**Problem description:**
Exclude images; transcribe the rest of the data exactly.

**Dataset extract:**

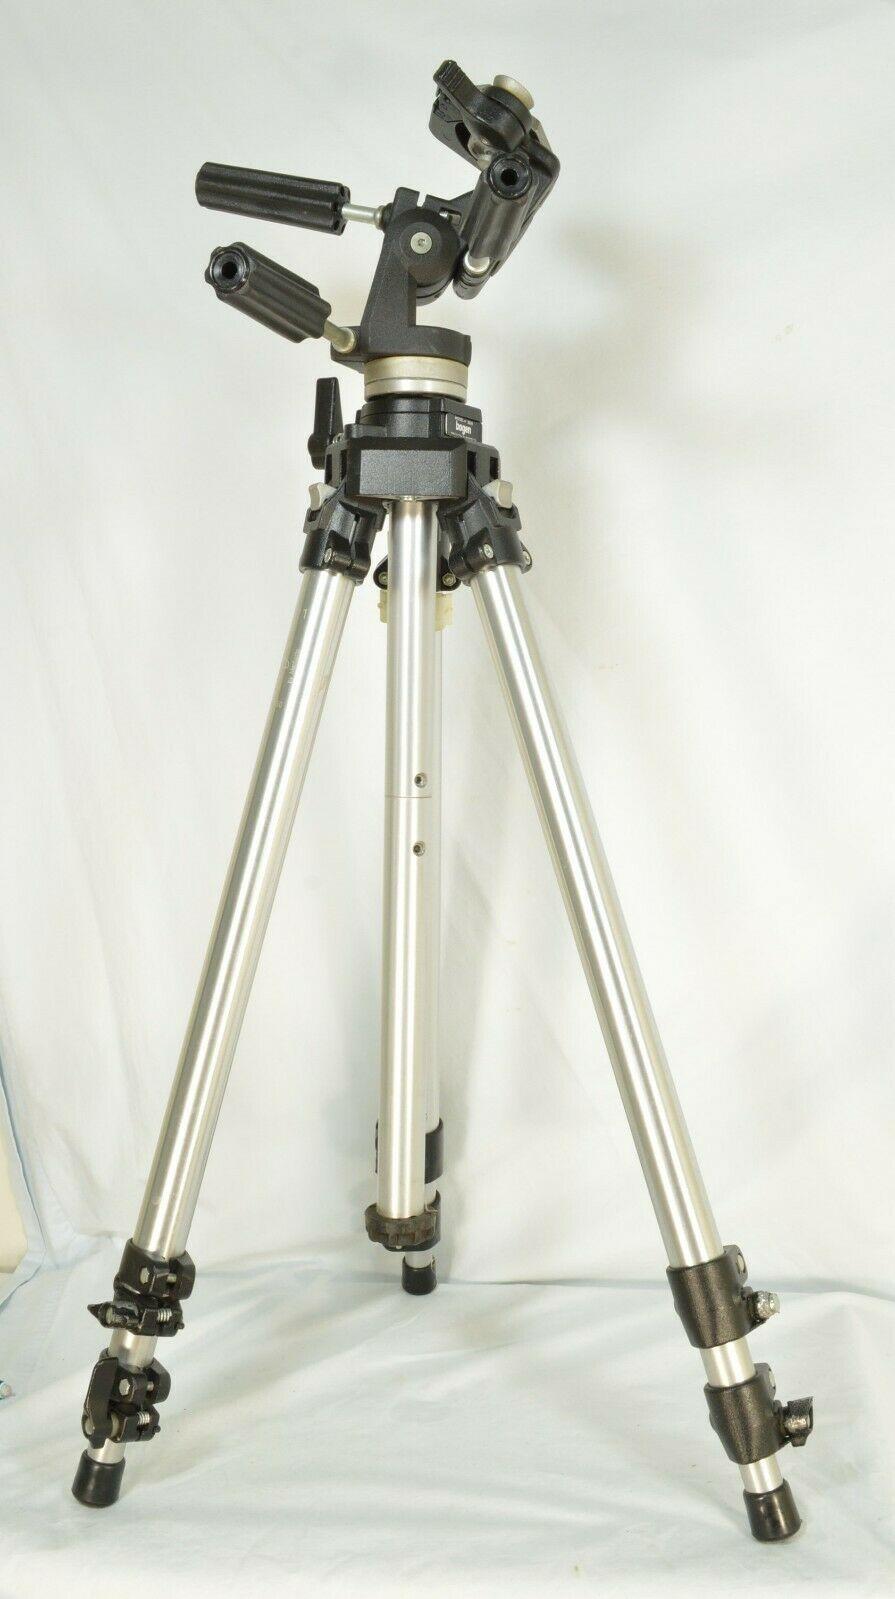 Manfrotto Bogen 3021 pro camera tripod +3047 Deluxe 3-way Pan/tilt Head image 10
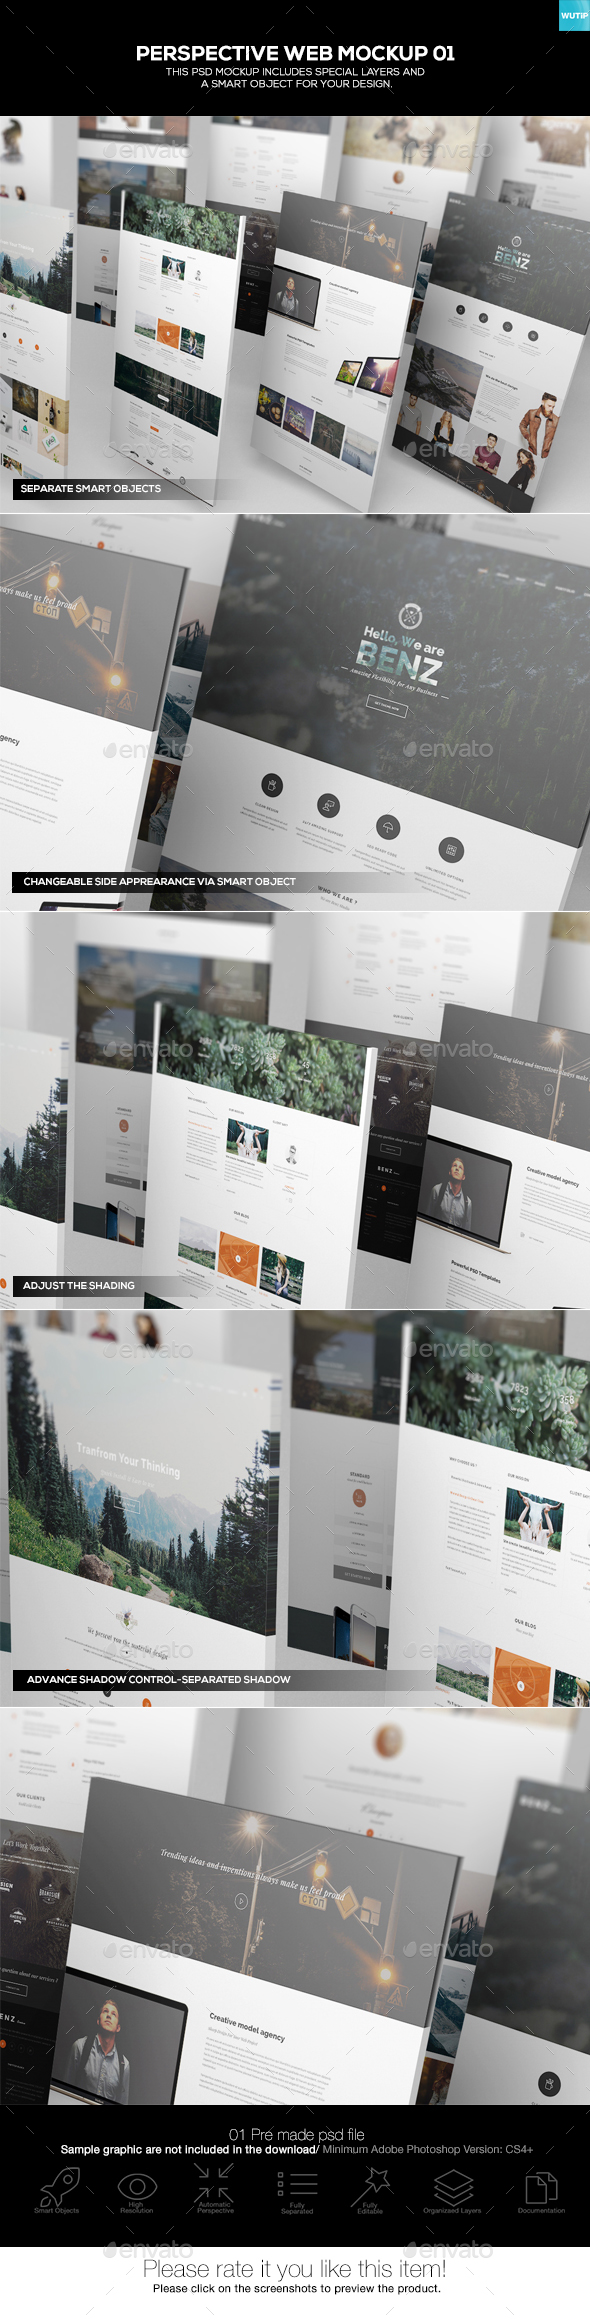 Perspective Web Mockup 01 - Website Displays
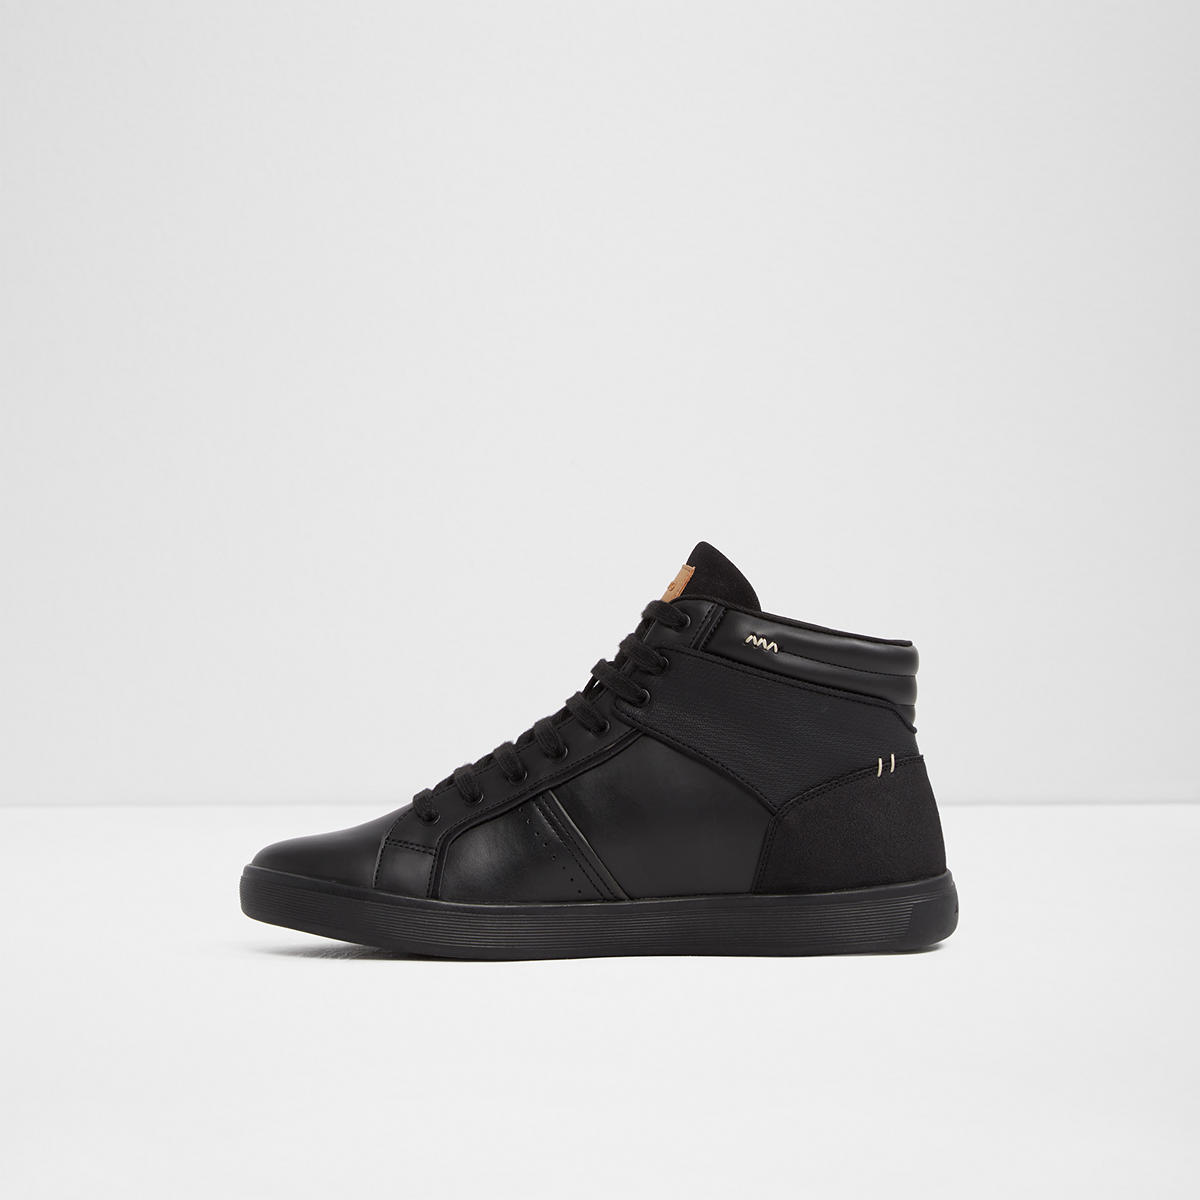 Sneakers Sneakers Men's Black US Midnight Trearia CqtEw57x
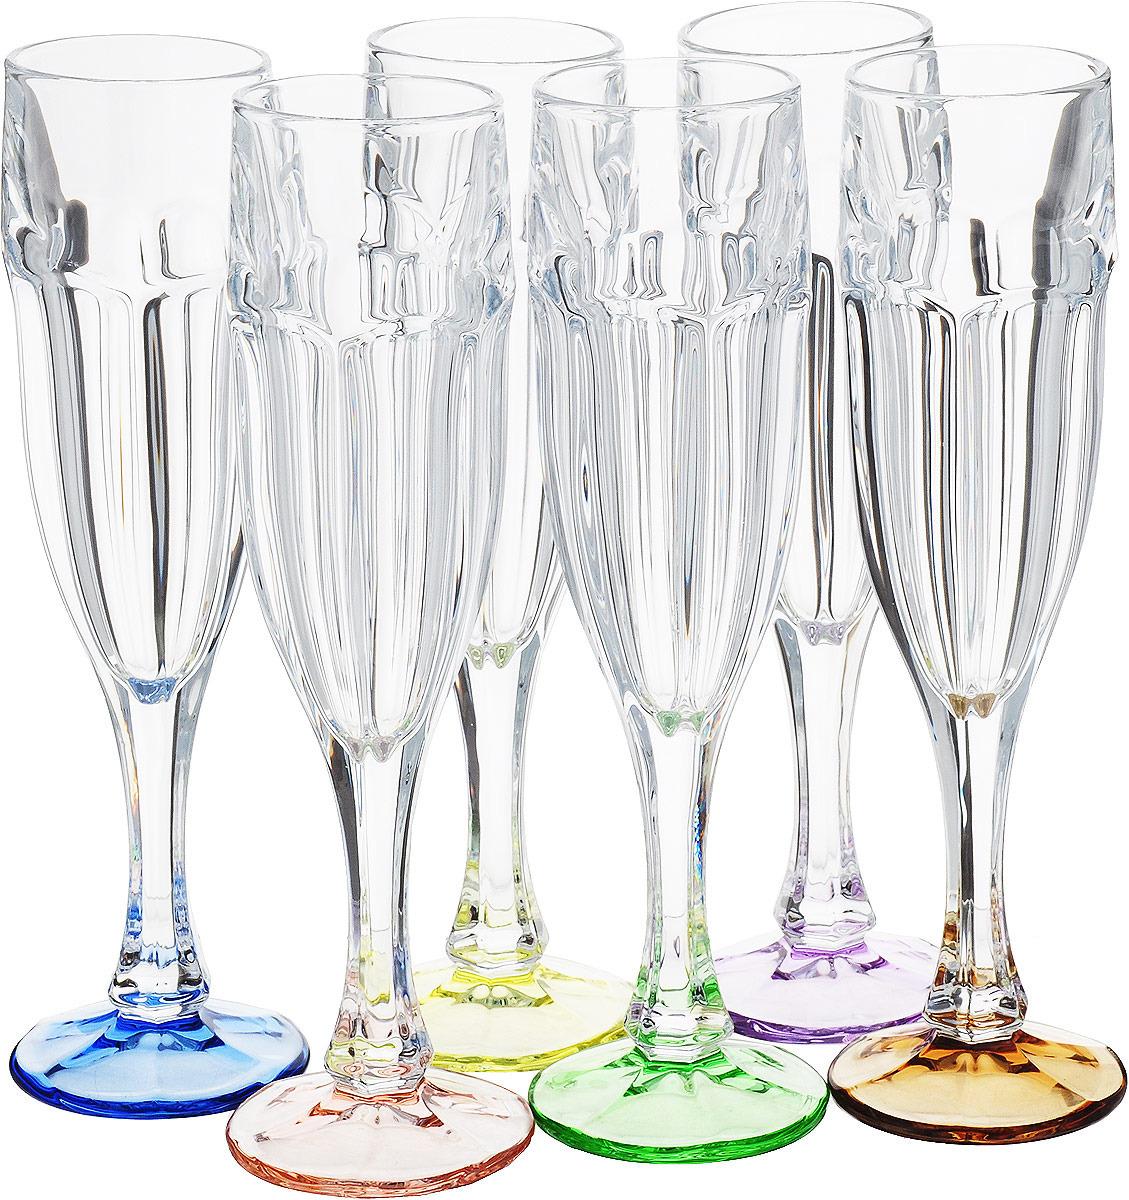 Набор из 6 фужеров для шампанского Crystalite Bohemia Сафари Ассорти, 150 мл

**Written answer:**
 Manfrotto Bogen 3021 pro camera tripod +3047 Deluxe 3-way Pan/tilt Head image 10
 Perspective Web Mockup 01 - Website Displays
 Sneakers Sneakers Men's Black US Midnight Trearia CqtEw57x
 Набор из 6 фужеров для шампанского Crystalite Bohemia Сафари Ассорти, 150 мл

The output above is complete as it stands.